* _Exercise data_:
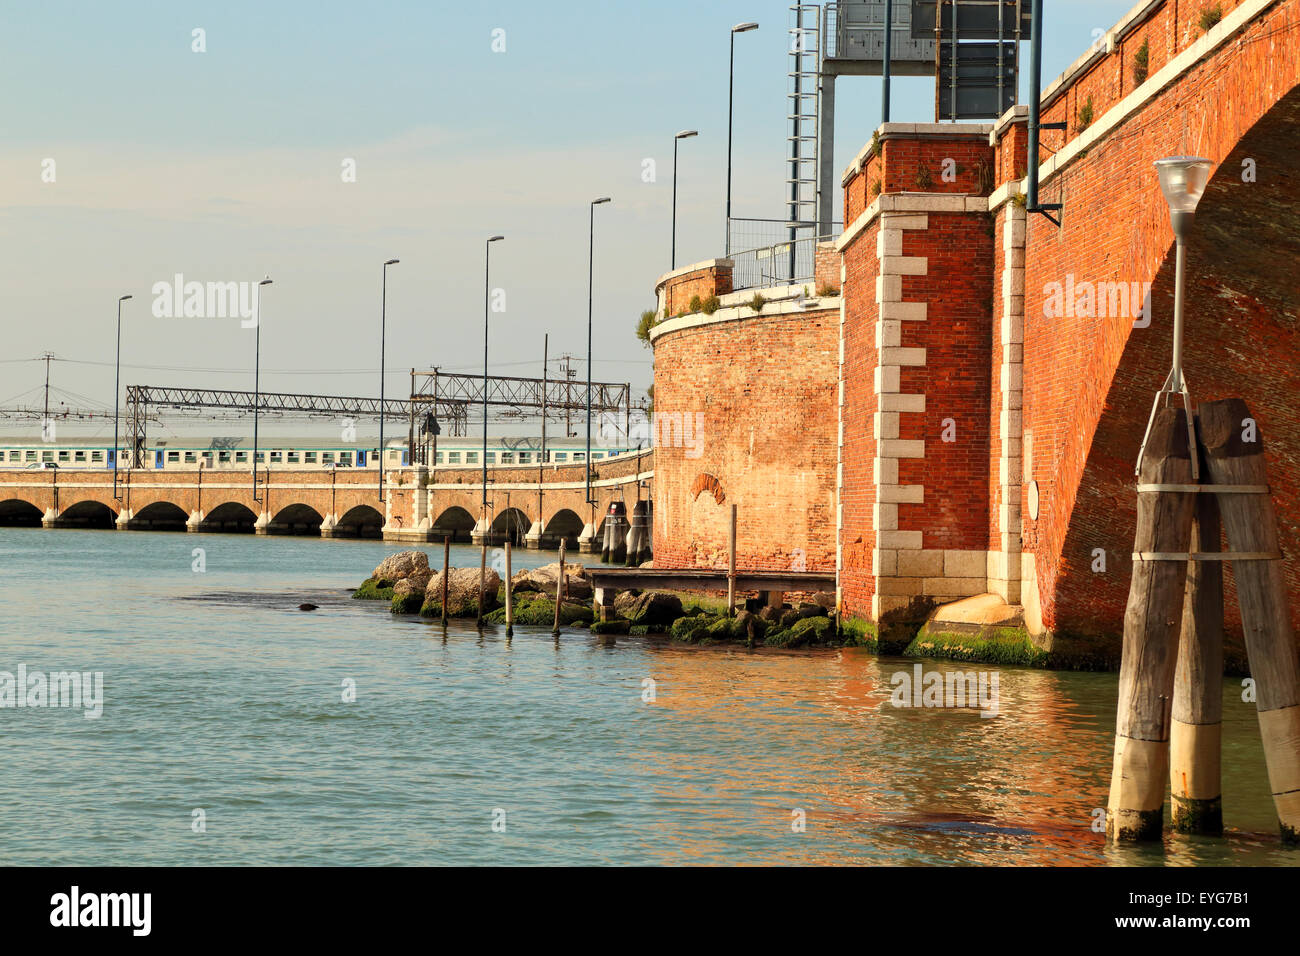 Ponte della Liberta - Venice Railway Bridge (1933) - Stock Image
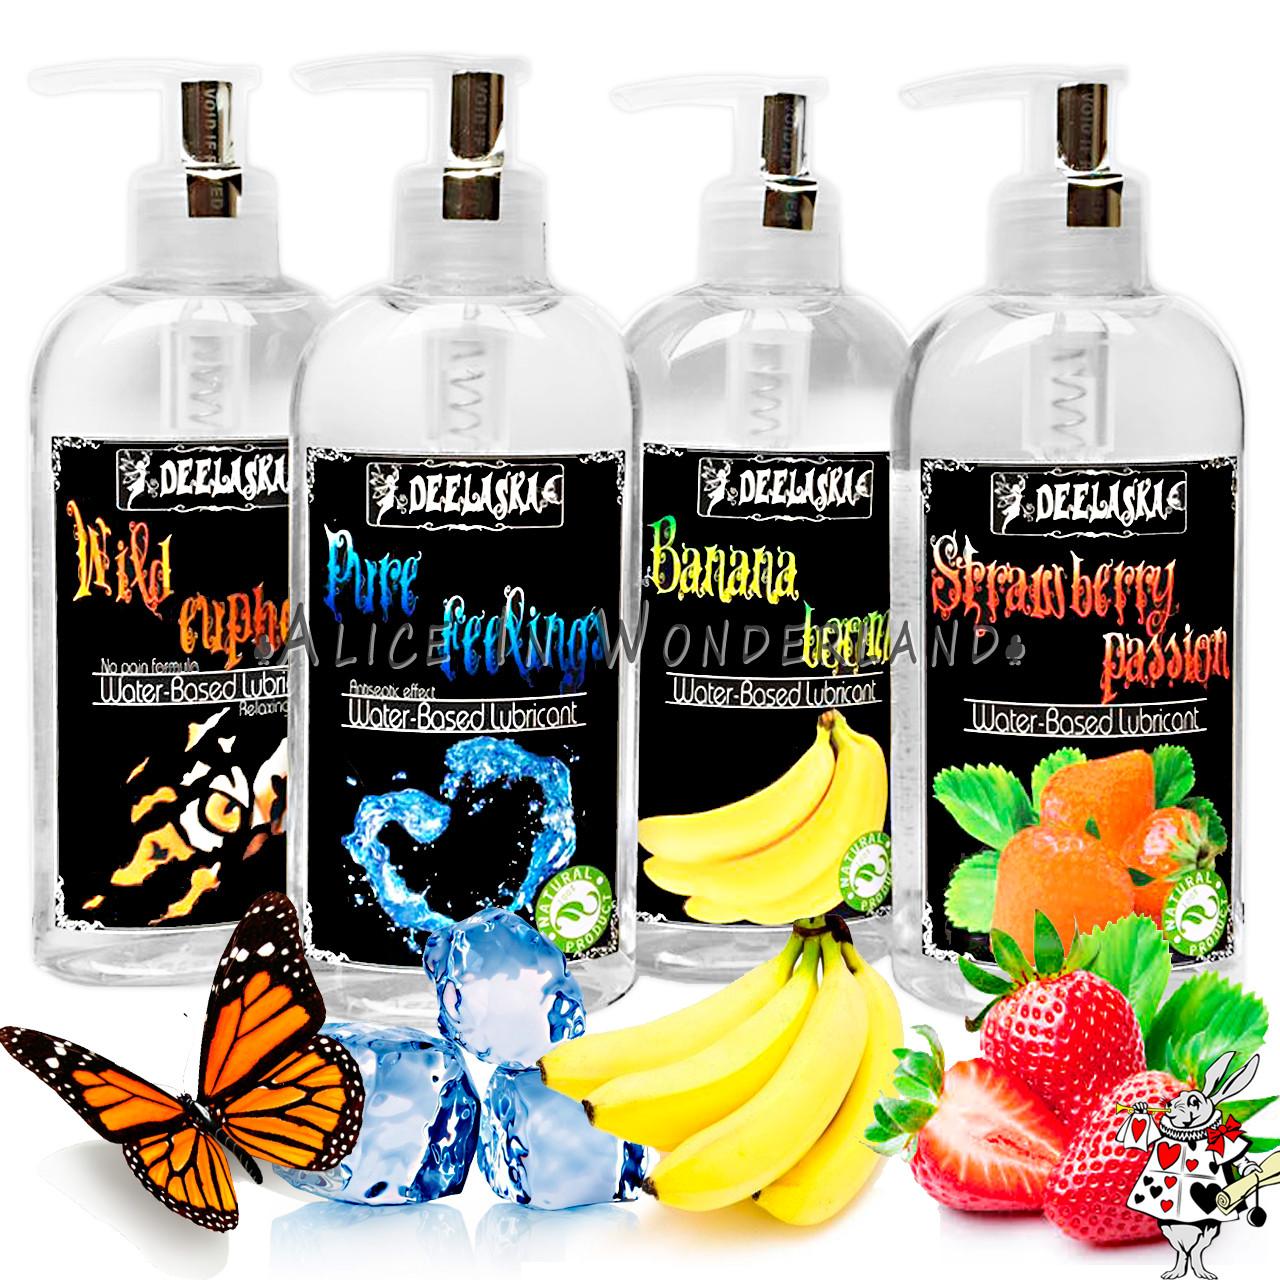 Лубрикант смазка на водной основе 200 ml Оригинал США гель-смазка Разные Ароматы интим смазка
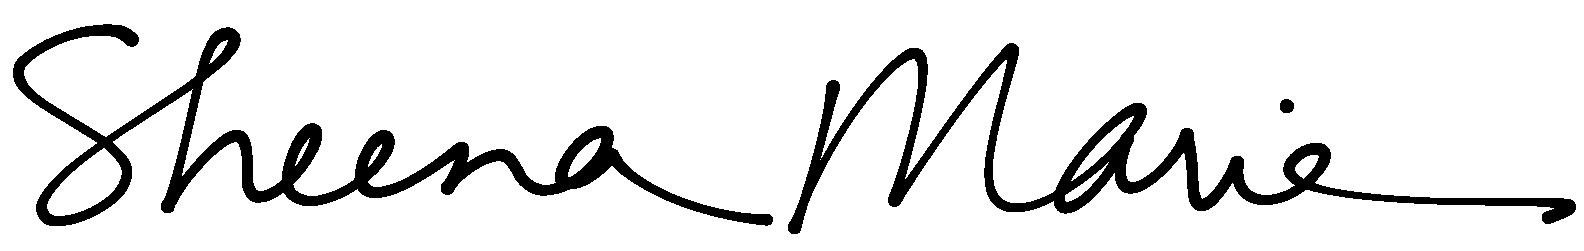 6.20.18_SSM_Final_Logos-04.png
--
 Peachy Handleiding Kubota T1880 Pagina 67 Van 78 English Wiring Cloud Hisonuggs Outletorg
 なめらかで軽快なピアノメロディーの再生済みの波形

* _Prompt_:
In the entries above, find the line with "Ponte della Liberta" and the line with "6.20.18_SSM_Final_Logos-04.png". Return exactly those lines and all the ones between them, pictures excluded.

* _Result_:
 Ponte della Liberta - Venice Railway Bridge (1933) - Stock Image
 Лубрикант смазка на водной основе 200 ml Оригинал США гель-смазка Разные Ароматы интим смазка
 6.20.18_SSM_Final_Logos-04.png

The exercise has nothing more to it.